# Problem
Copy out each line below verbatim, skipping any picture.

# Dataset section

===============

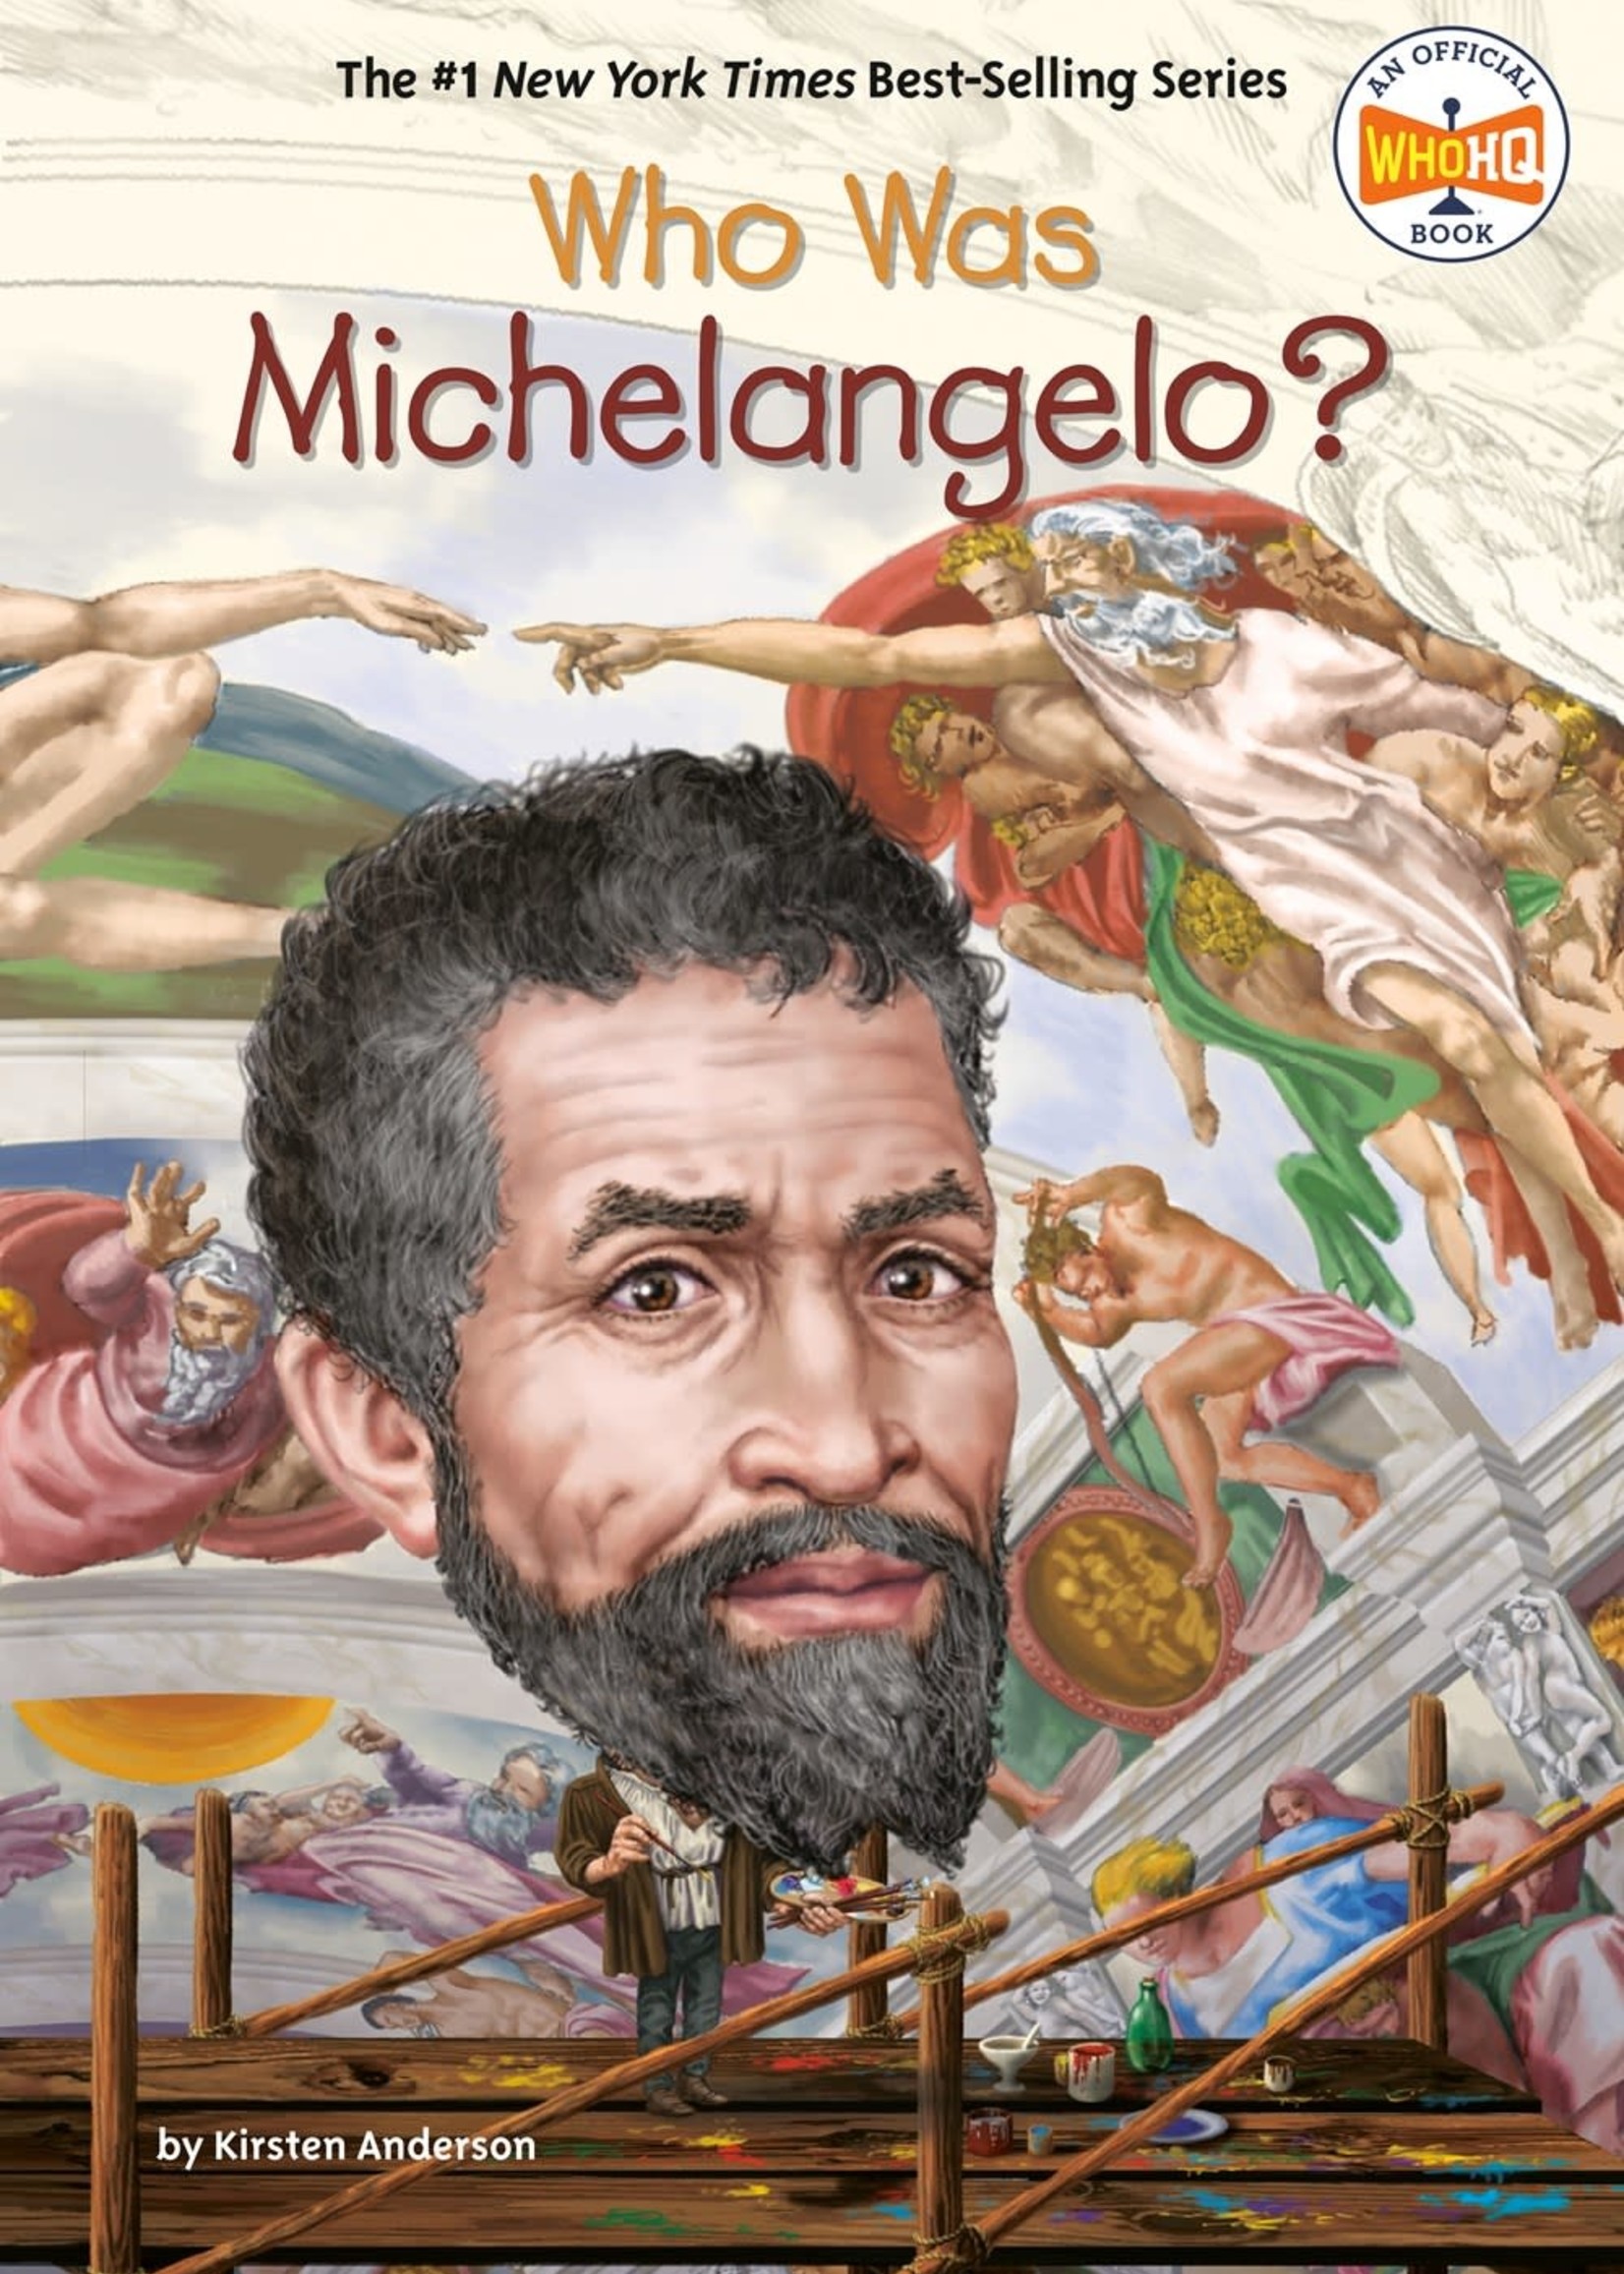 Who Was Micheangelo?
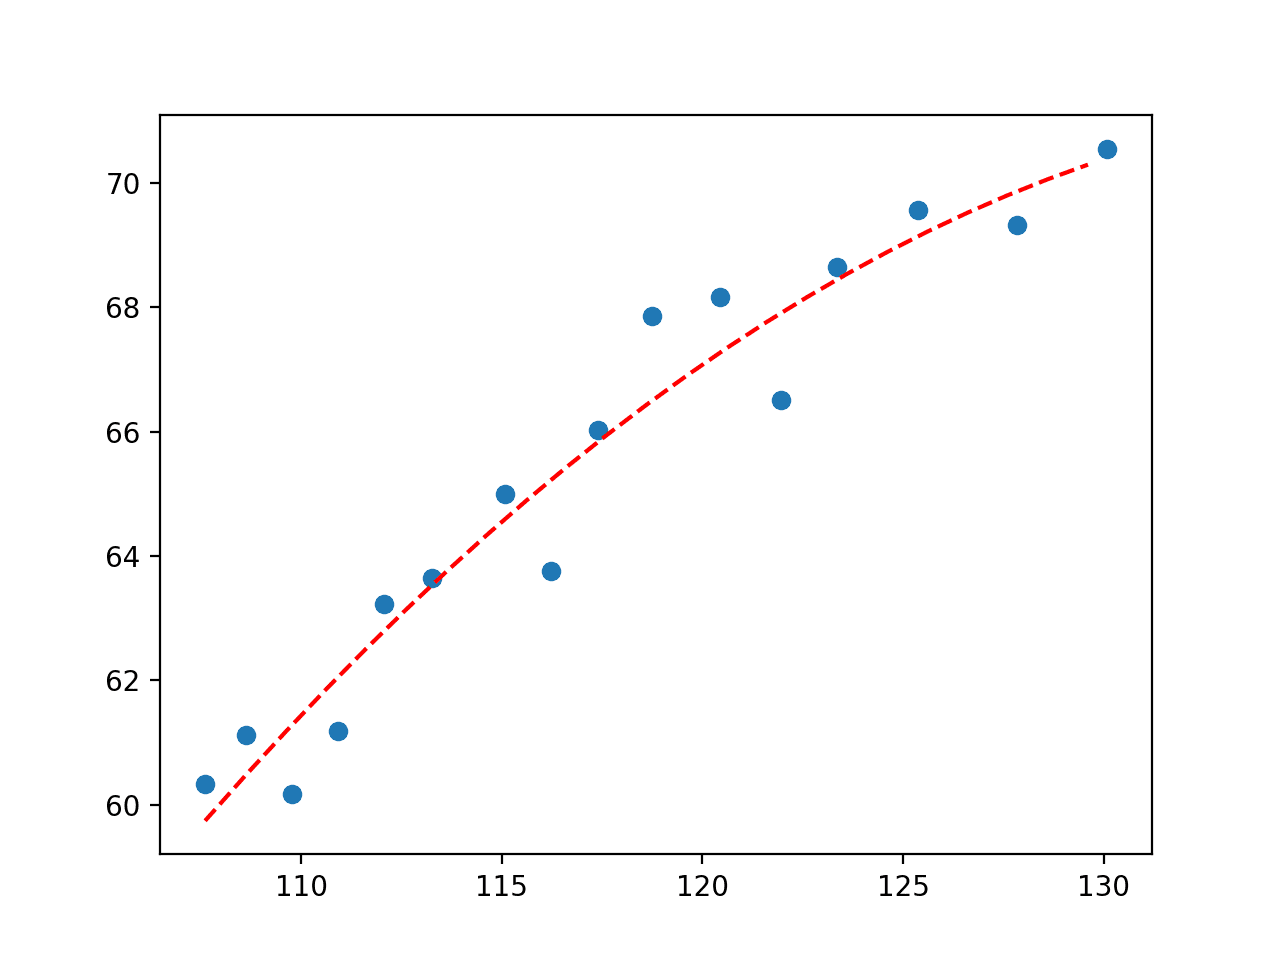 Plot of Second Degree Polynomial Fit to Economic Dataset
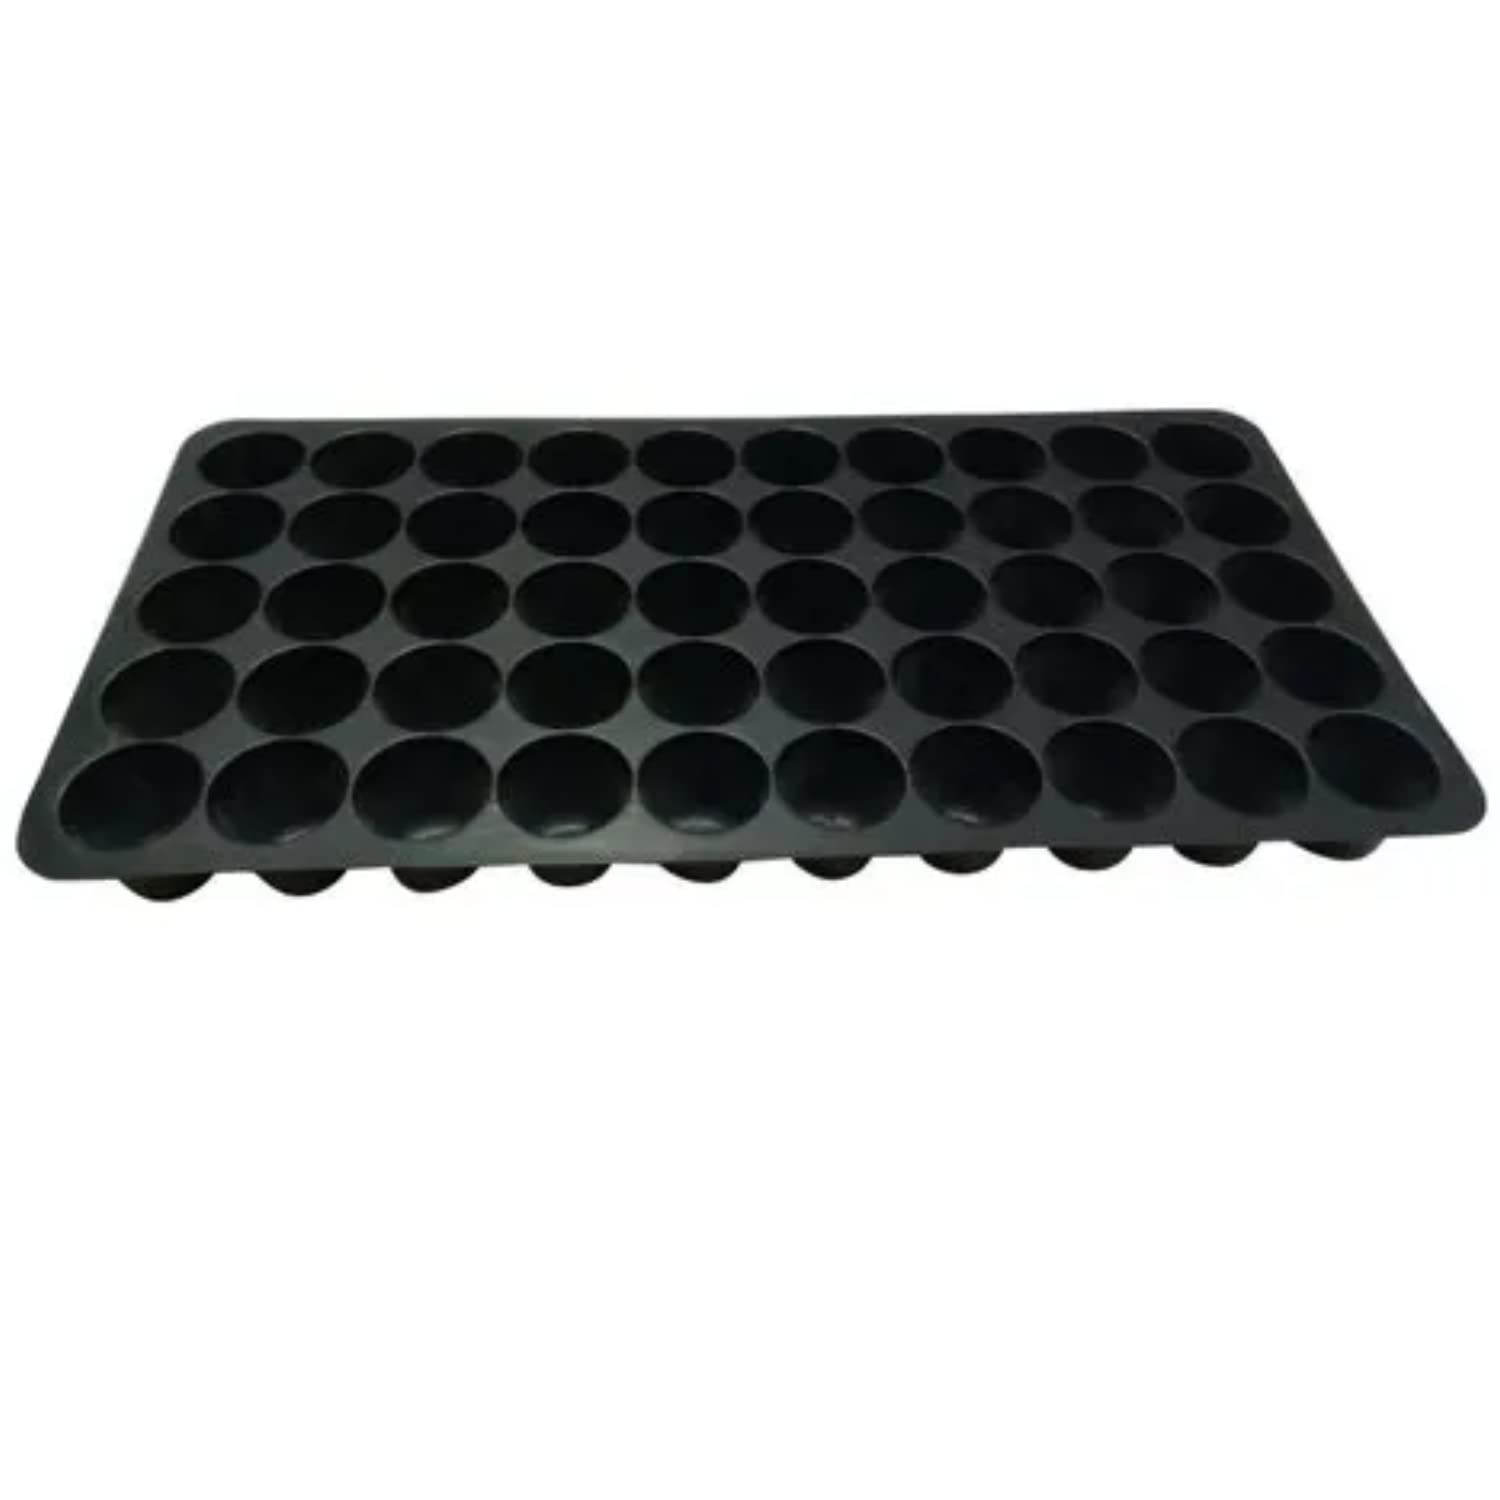 Hug A Plant |Seedling Nursery Tray with 50 Cavity for Home & Garden (Pack of 5)

===============

# Response area
 Who Was Micheangelo?
 Plot of Second Degree Polynomial Fit to Economic Dataset
 Hug A Plant |Seedling Nursery Tray with 50 Cavity for Home & Garden (Pack of 5)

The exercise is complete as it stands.